Shouldn’t all murders be treated equally and be non-compoundable?
Rather than having a few discretionary grounds under PPC 311, Parliament could reform the law on murder, make it impossible to settle across board, and base sentencing on the seriousness of the killing whether it involved conspiracy or pre-meditation, whether the victim was detained or tortured, or killed for racial, ideological, religious or misogynist motives. Honour requires eventual erasure from our social conditioning and needs special attention.
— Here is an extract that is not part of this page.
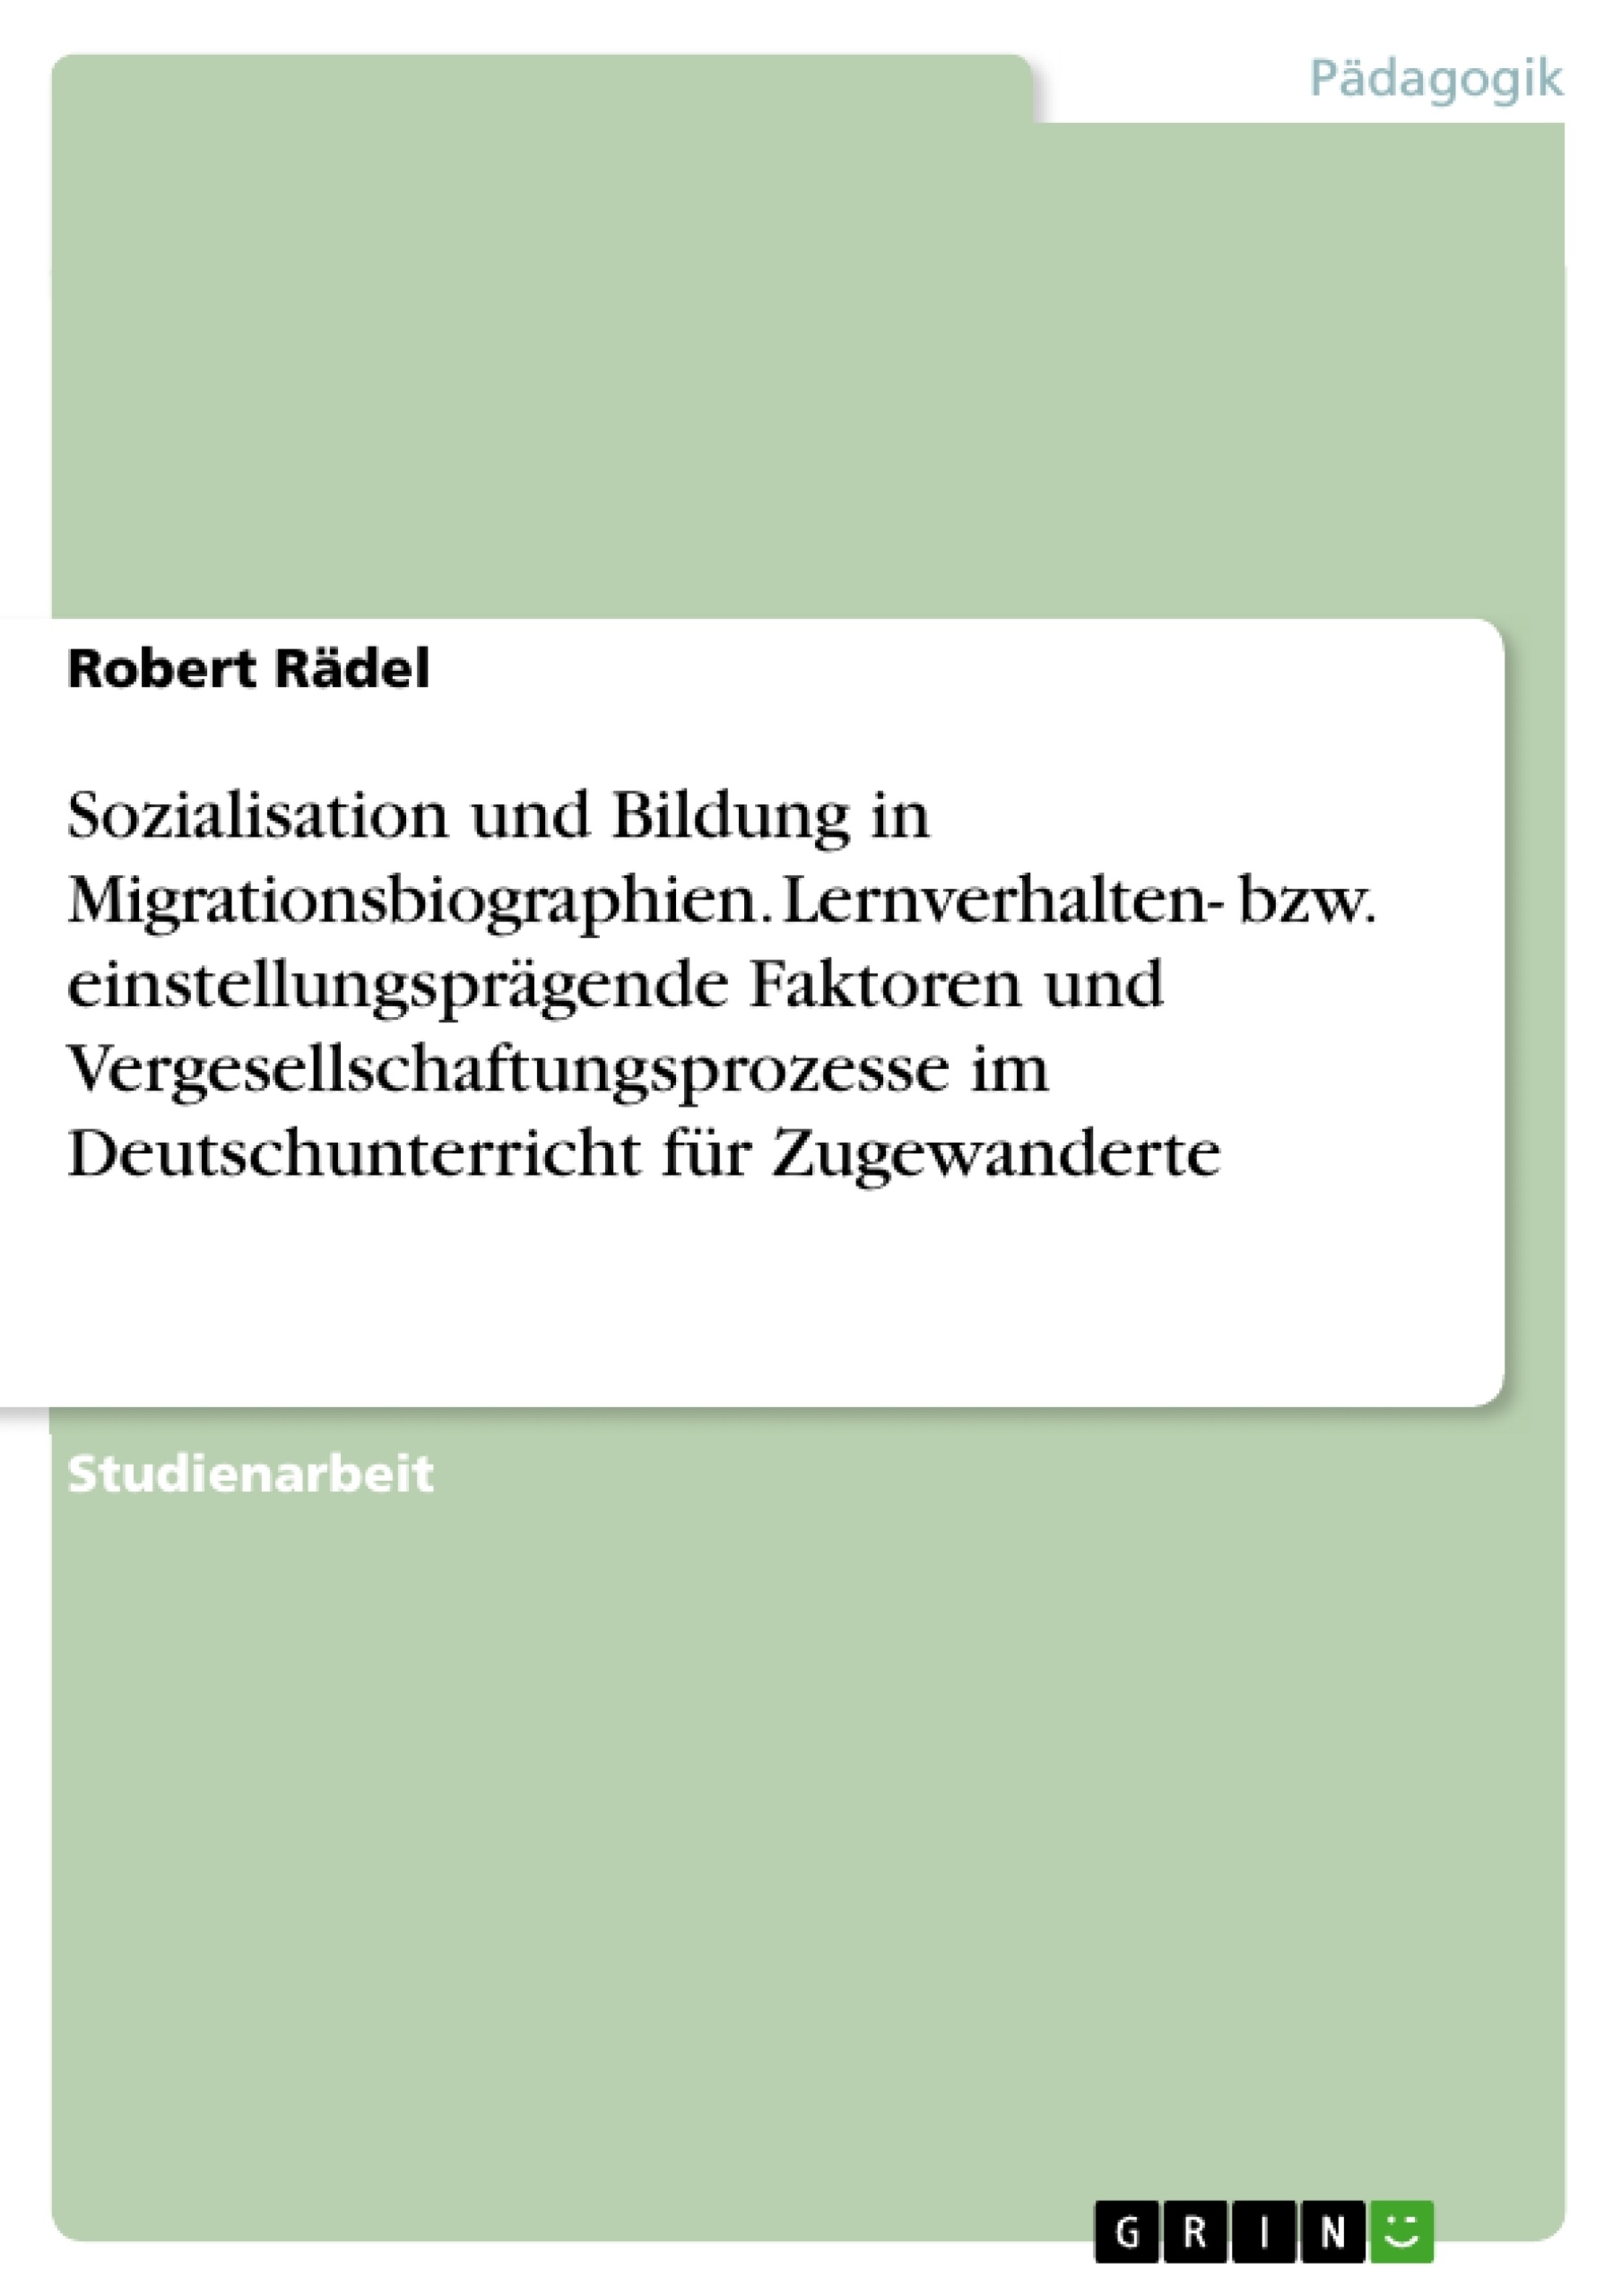 Titel: Sozialisation und Bildung in Migrationsbiographien. Lernverhalten- bzw. einstellungsprägende Faktoren und Vergesellschaftungsprozesse im Deutschunterricht für Zugewanderte

Starting with honour murders, our legal community should eventually rally to make all murder an exclusive matter of the state with a multi-faceted public interest campaign around the seriousness of honour killing.
Our case law has colourful examples of Qisas and Diyat law in action – court blessing the exchange of agricultural land for a life, reviewing the decision of families and local notables about a Diyat’s genuineness, dismissing an agreement because one adamant uncle (wali) who refused the killer forgiveness, while his less than principled children compromised. This highlights one of the most obvious criticisms of the Qisas and Diyat law. One killer may settle and walk; the other, with a similar or less egregious crime, may be hanged.
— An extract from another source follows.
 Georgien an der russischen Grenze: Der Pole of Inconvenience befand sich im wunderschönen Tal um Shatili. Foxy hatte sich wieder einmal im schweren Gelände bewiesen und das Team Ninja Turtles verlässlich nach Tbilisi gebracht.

The constitution and human rights conventions require equal treatment for all; yet the law permits grossly unequal treatment of murderers depending on their socio-economic background relative to the victims, the power of jirgas and tribal customs, and the status of victims in various communities. Who are we to place values on lives – be it a Thari woman, a Gujjar from Mansehra, a Saraiki rights activist. Qisas/Diyat, however, laws perpetuate embedded inequities in the political landscape.
The revival of the death penalty in Pakistan further complicates the debate for people who are rightfully opposed to it as a draconic and possibly unjust punishment, given the numerous errors in investigation and procedural miscarriages. A murderer would get reprieve from a draconian sentence, but through erroneous private justice. And if all murder becomes non-compoundable and walis can’t strike deals, the court would freely exercise its exclusive power and sentence people to death in most cases. This leads to the whole scheme of harshly punitive justice in Pakistan that often exposes the deep contradictions that rights activists must address – we want justice for an honour crime and an end to violence against women, yet support of capital punishment and decades in prison (including under trial) violates norms of human rights.
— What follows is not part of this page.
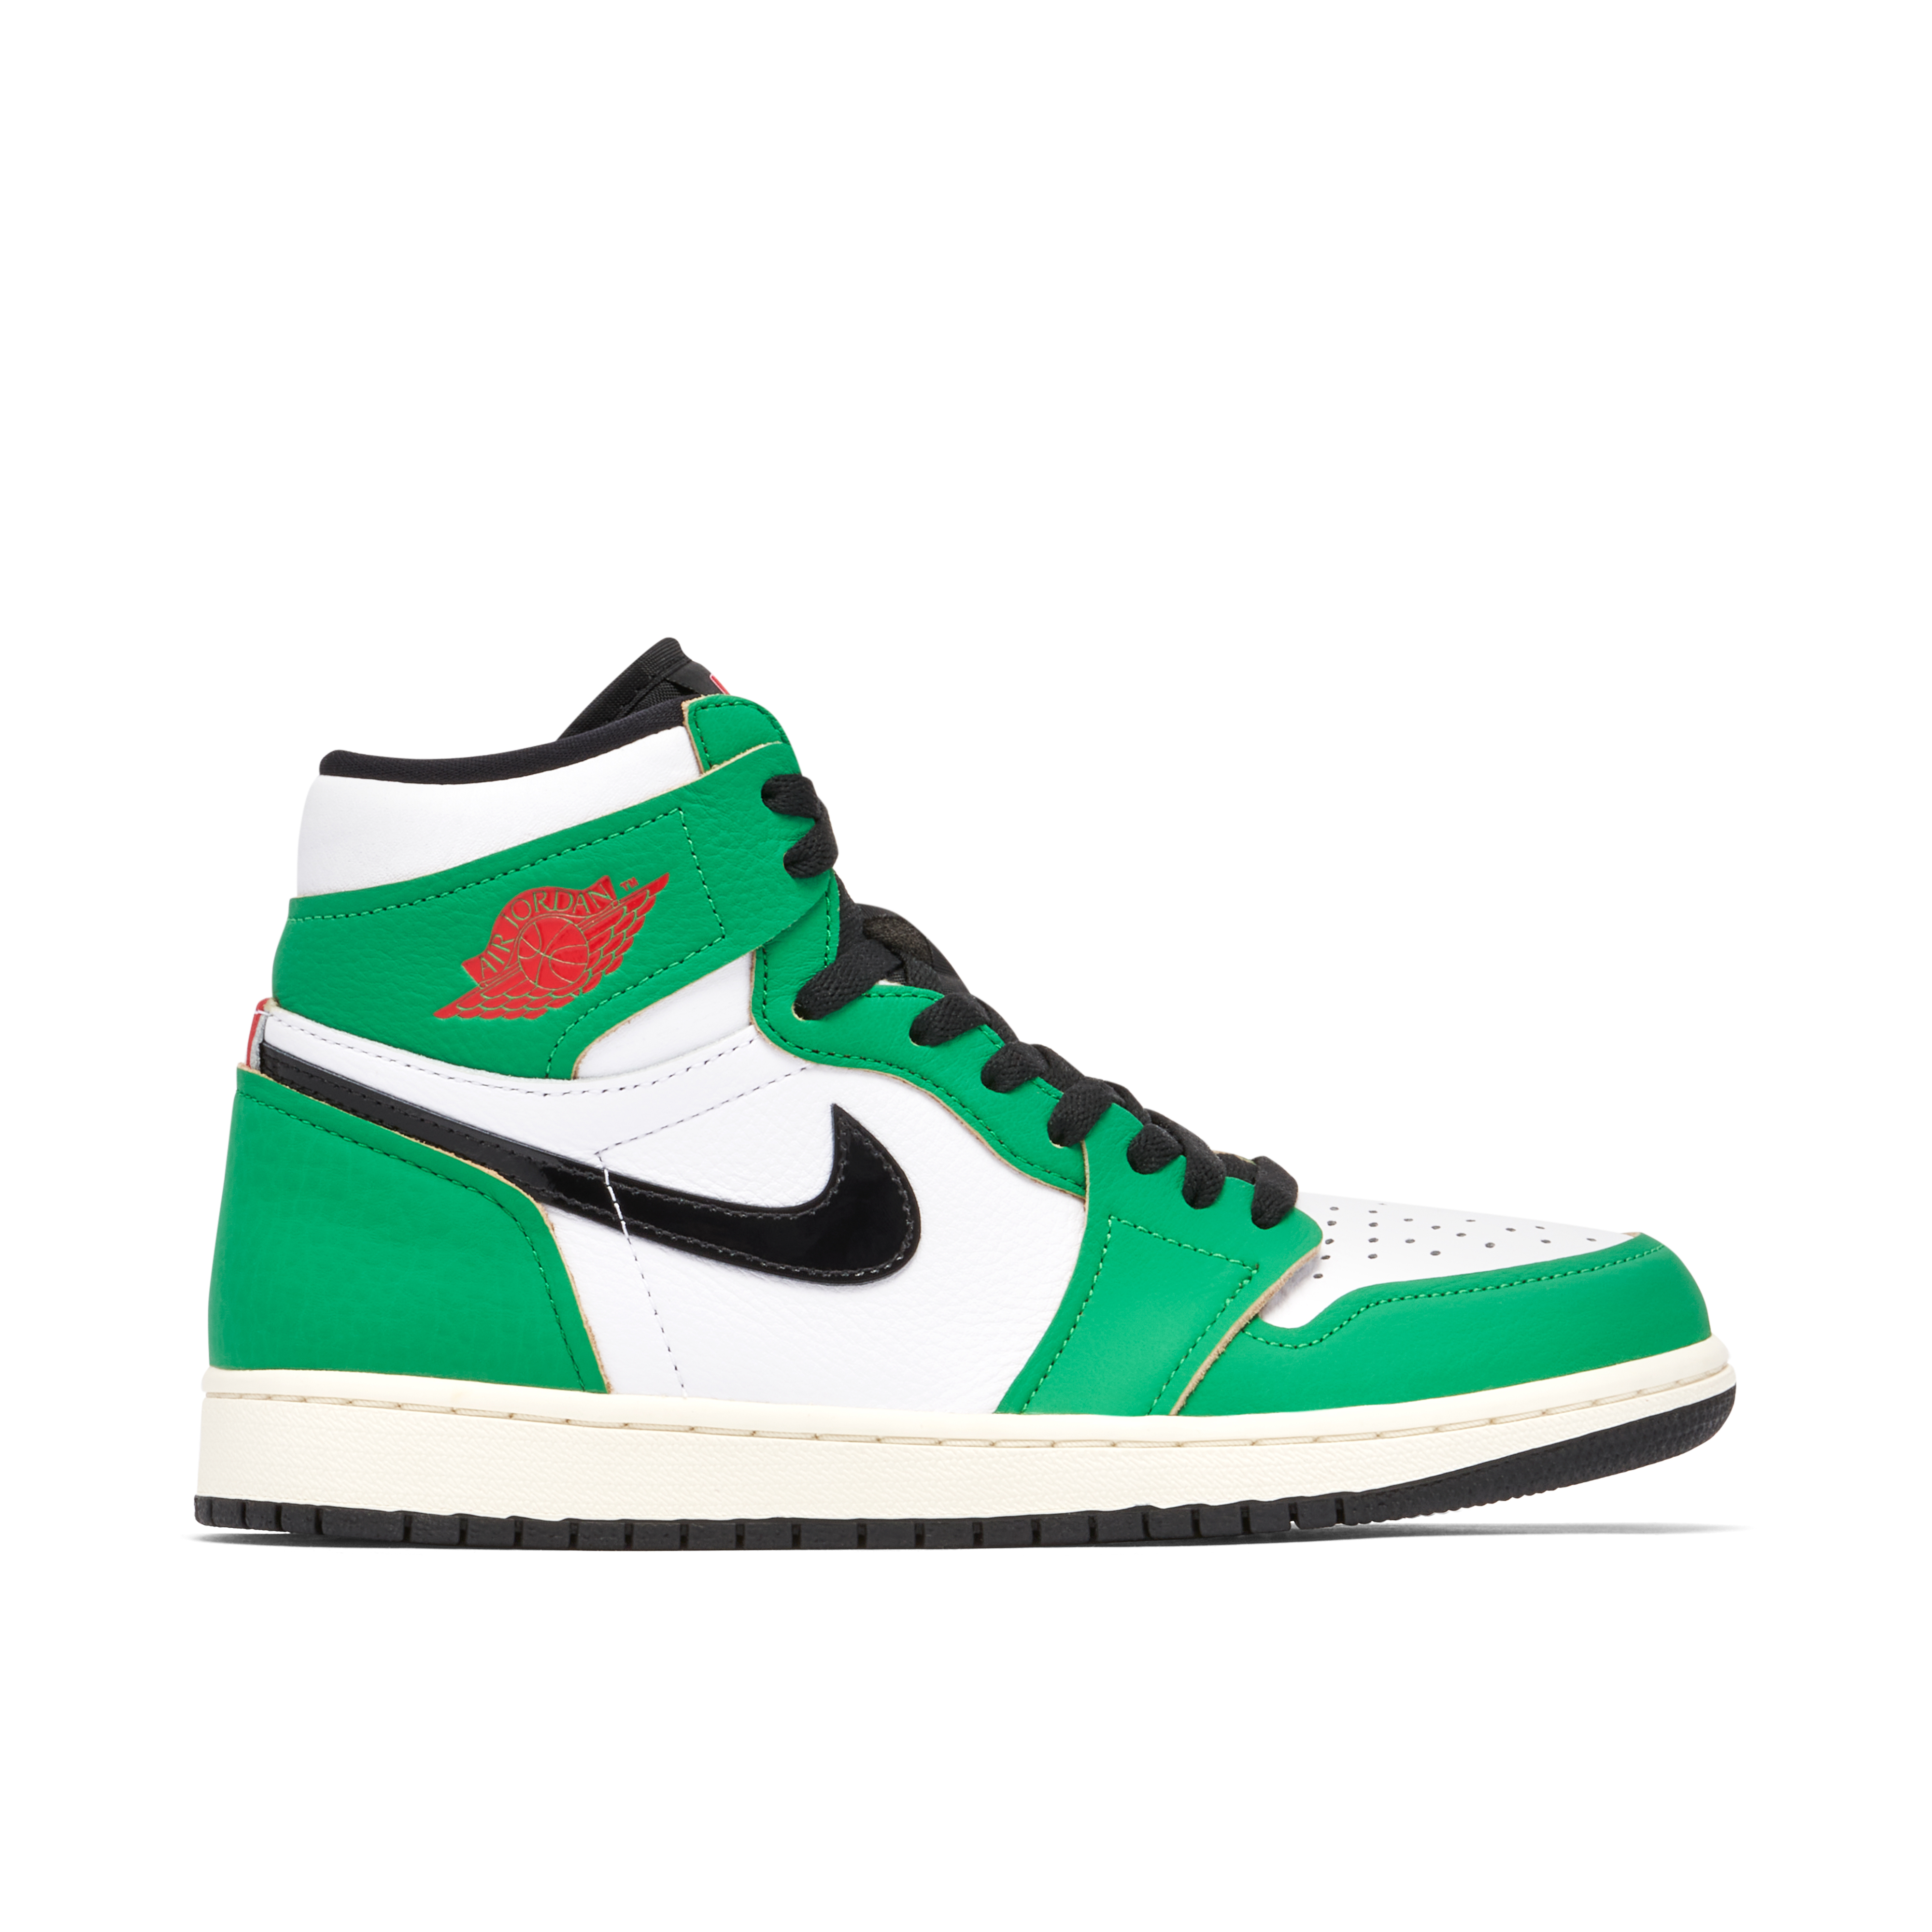 Green Jordans | New Green Air Jordans

Even the seemingly benevolent provisions towards minor and insane offenders are quite onerous and punitive. Qisas punishment is disallowed for a minor or an insane offender; nevertheless, PPC 308 allow a Tazir sentence of up to 25 years if it is proven that the insane person killed during a period of lucidity or the minor had gained sufficient maturity.
Would justice be served if Waseem serves time in jail rather than be lauded as a hero avenging a false honour?
Would justice be served if extended families and punchayats able to pressure her father to forgive are prevented from doing so?
Would justice be served if Waseem is executed, after a protracted trial of four years, and decades in prison?
He may be the principal killer, but there have been a series of aiders and abettors who incited hatred, fuelled passions against her, chastised, berated, ridiculed her, revealed her personal data, and then later rejoiced at her death. They will go scot free. They will then applaud Waseem’s hanging because their hatred and misogyny toward Qandeel is their utter lack of compassion and their apathy to justice. Long live our sister, Qandeel!